However, Yvonne Law, tax partner at Deloitte, said two consecutive deficits should be manageable because the government had huge fiscal reserves, totalling HK$444.3 billion at the end of September.
Volatile fiscal balances are a feature of Hong Kong’s government finances thanks to a small tax base - salaries tax is a flat 15 per cent and there are no sales or capital gains taxes. Two years ago the government proposed a goods and services tax to expand the tax base but was forced to abandon the plan in the face of public opposition.
‘The structural problem of a small tax base means that during an economic downturn (government) income falls but expenditure remains static,’ Ms Law said.

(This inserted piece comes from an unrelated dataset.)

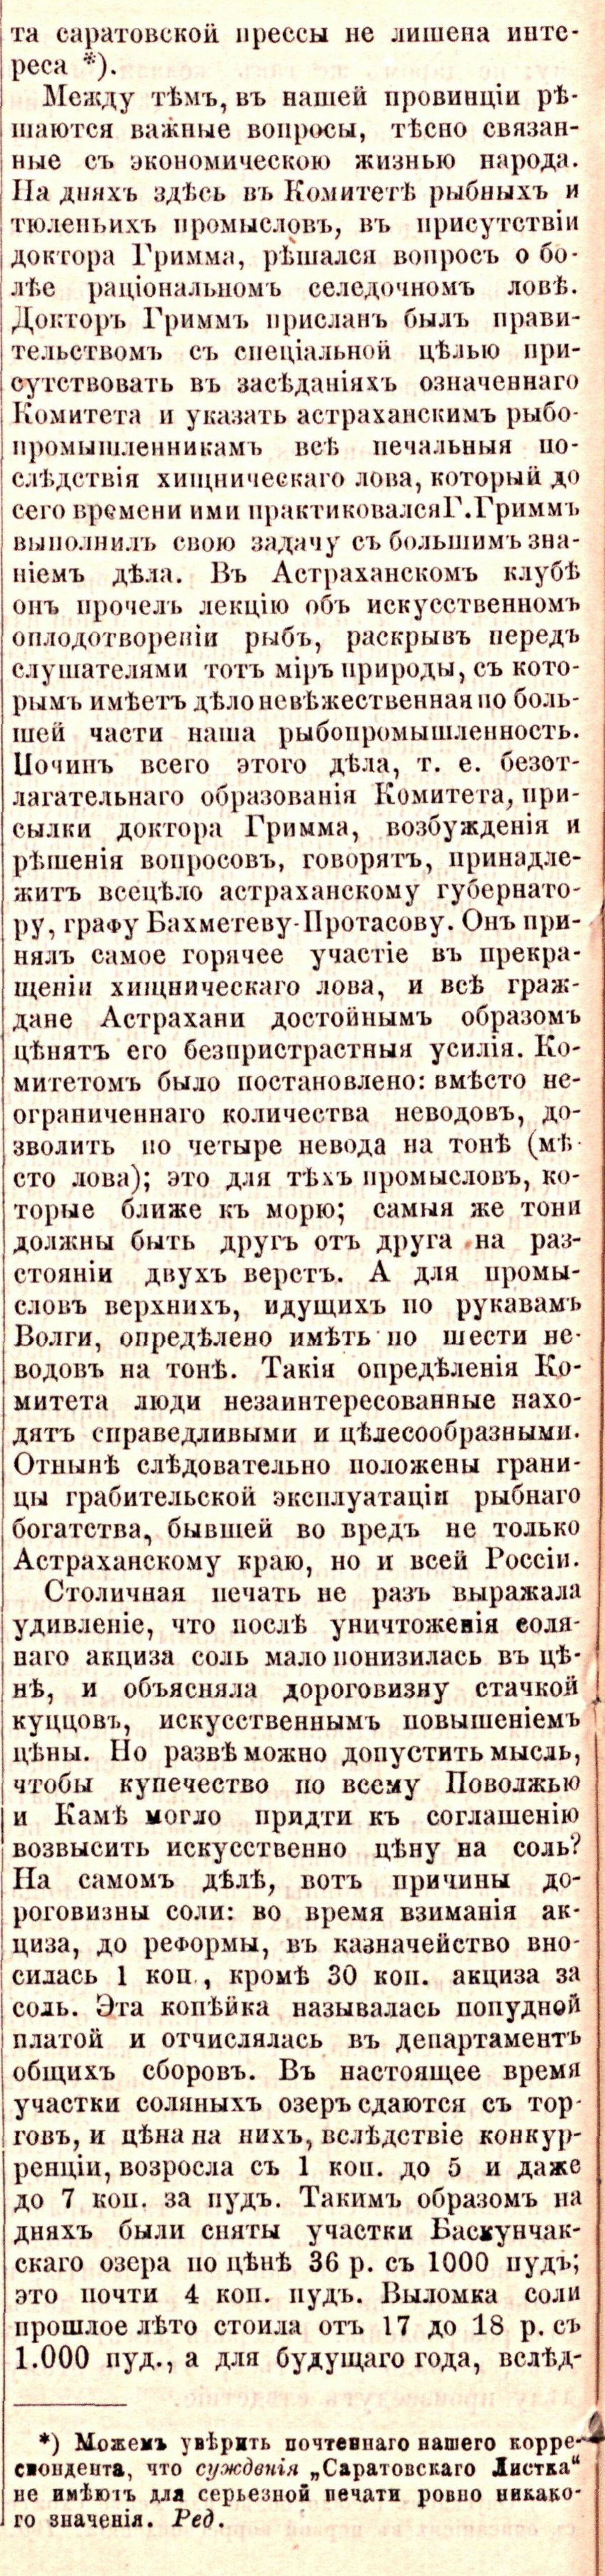 И. Г. Воронин - Из Астрахани - "Русь", № 59, 24 декабря 1881 года текст в современной орфографии, графическая копия

Government income will be hit by a 50 per cent drop in the stock market this year as well as falling property prices and worsening corporate profits.
Deloitte said contributors to its estimated HK$80 billion deficit would include a HK$29 billion decline in land premiums; HK$20 billion from falling stamp duty revenue; and HK$15 billion from a drop in corporate profits tax. Salaries tax would decline by HK$6 billion, it said.
Government expenditure, meanwhile, is rising as the government offered HK$40 billion worth of temporary tax concessions and handouts in its annual budget in February when the economy was still strong. In the summer it provided HK$11 billion in relief for the elderly and low-income groups to cope with rising inflation, which peaked at 6.3 per cent in August.
Chief Executive Donald Tsang said last month that the government faced a ‘huge’ fiscal deficit for the year ending March 2009 as a result of the global financial crisis but the government has yet to revise its initial forecast for a HK$7.5 billion deficit.